# Freewheel Steering on Toro Snowblowers, Necessary or Not?



## joed (Dec 26, 2001)

I'd like to purchase a 2 stage snow blower this fall. I've narrowed my choices down to:

1. Toro 826: $1599

2. Toro 828 $1899

The snowblowers are pretty much the same except that the 828 is a bit bigger and has freewheel steering. I like the size of the 826 better and it would fit much more easily in my garage and around the side of the house where I need to clear snow. However, I also like the freewheel steering on the 828 but the price is pushing my budget.

Is freewheel steering necessary? Is it worth spending $300 extra for?


----------



## leon (Nov 18, 2008)

*toro snow blowers*



joed;795149 said:


> I'd like to purchase a 2 stage snow blower this fall. I've narrowed my choices down to:
> 
> 1. Toro 826: $1599
> 
> ...


The biggest thing you have to deal with is snow and ice and packed snow etc. The 828 gives you the ability to turn on a dime(one wheel driving-one wheel stopped or in neutral versus wide turns unless you want to physically twist the blower around etc.

If you do not have the room for the bigger blower in the garage then its the 826 buuuuut,

It may depend strictly upon how much time you spend removing snow, how tired you become, how cold it is outside how quickly you want to remove it etc.

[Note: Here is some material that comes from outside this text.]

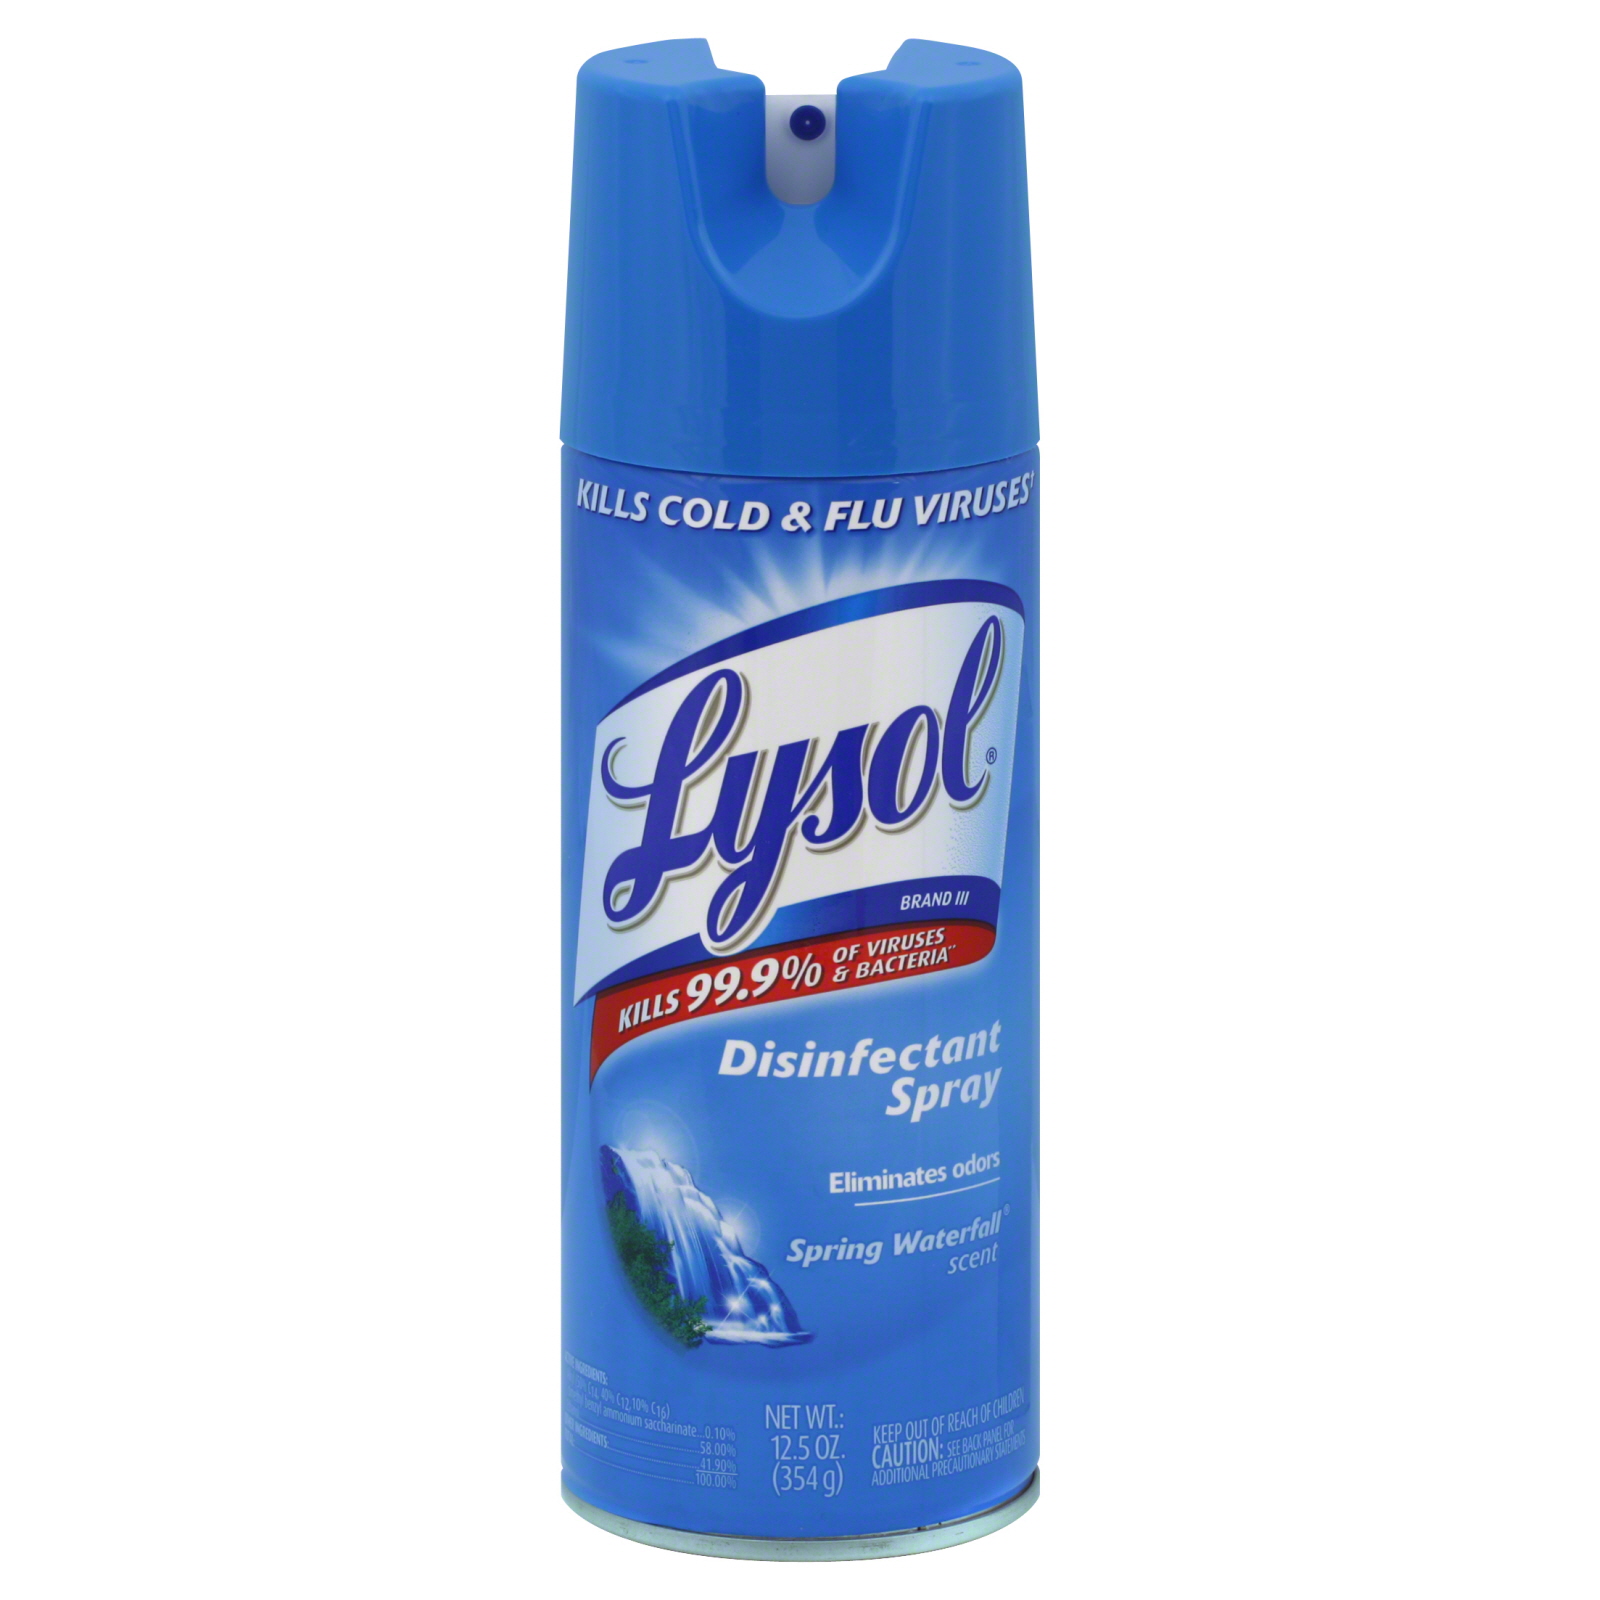 Lysol Disinfectant Spray, Spring Waterfall Scent 12.5 oz (354 g)
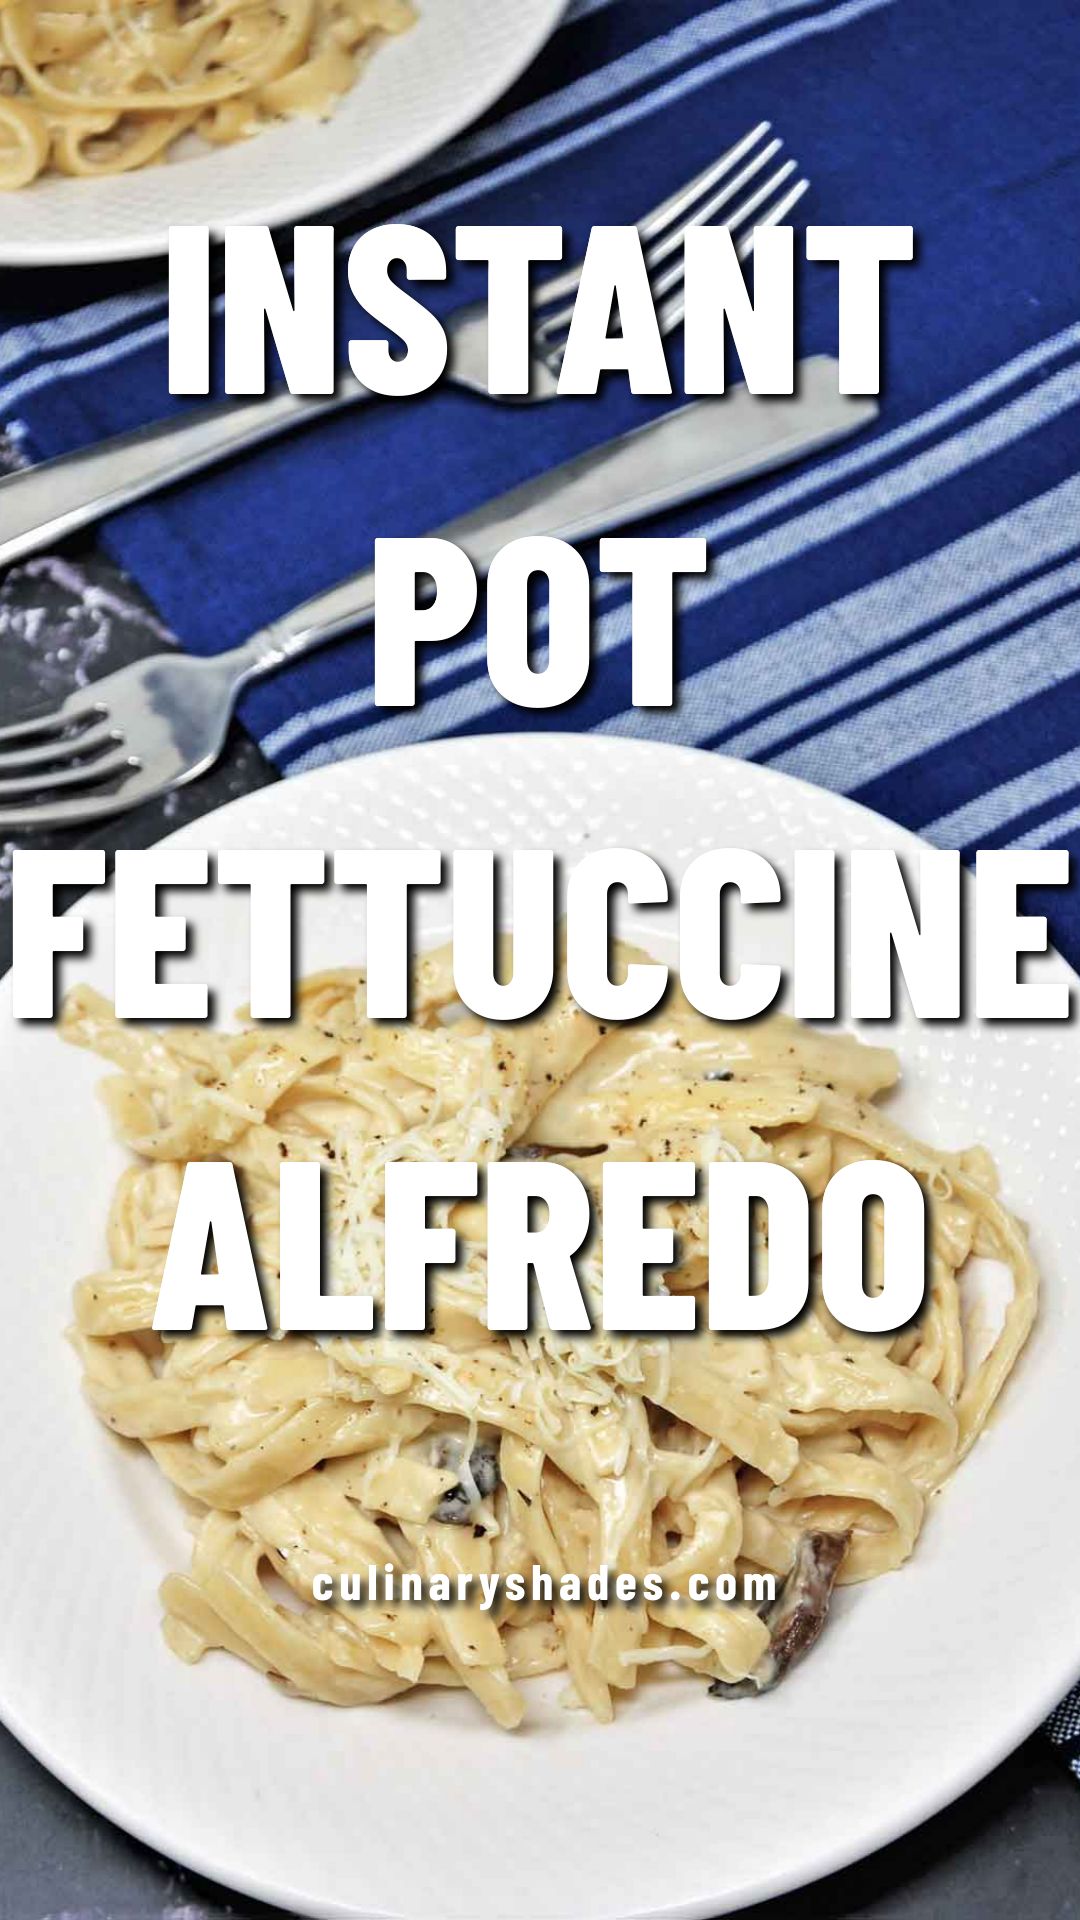 Fettuccine Alfredo served in a plate with shredded cheese topping.

I am on my third snow pup with the curved auger-CCR 2000 power paddle-great machine, two cycle Tecumsa, grooved flat belt drive with spring tension etc.- they have been on the market for over forty years and still sell very well as they are light and easy to use, I have a salamander to warm them up when needed-but not just for that though, I still have my second 20 inch pup with the flat paddles from twenty years ago- I would still have the first one from thirty years ago but traded it in as junk when paddles right main bearing on the chute housing failed after 11 years.

if you spend a lot of time clearing snow the larger machine will be a plus from the power standpoint and ease of use. I use WD-40 as an aid in snow throwing- the guys here use eureka fluid film-I will have to try-fluid film it as soon as I find a nearby retail outlet-the local john deere dealer is more than a hop, skip, and a yodel across the valley from me and I very rarely if ever get up north etc.

it comes down to how much time you have to spend or how little time you have to spend cleaning your driveway and sidewalk.

leon:waving: tymusic


----------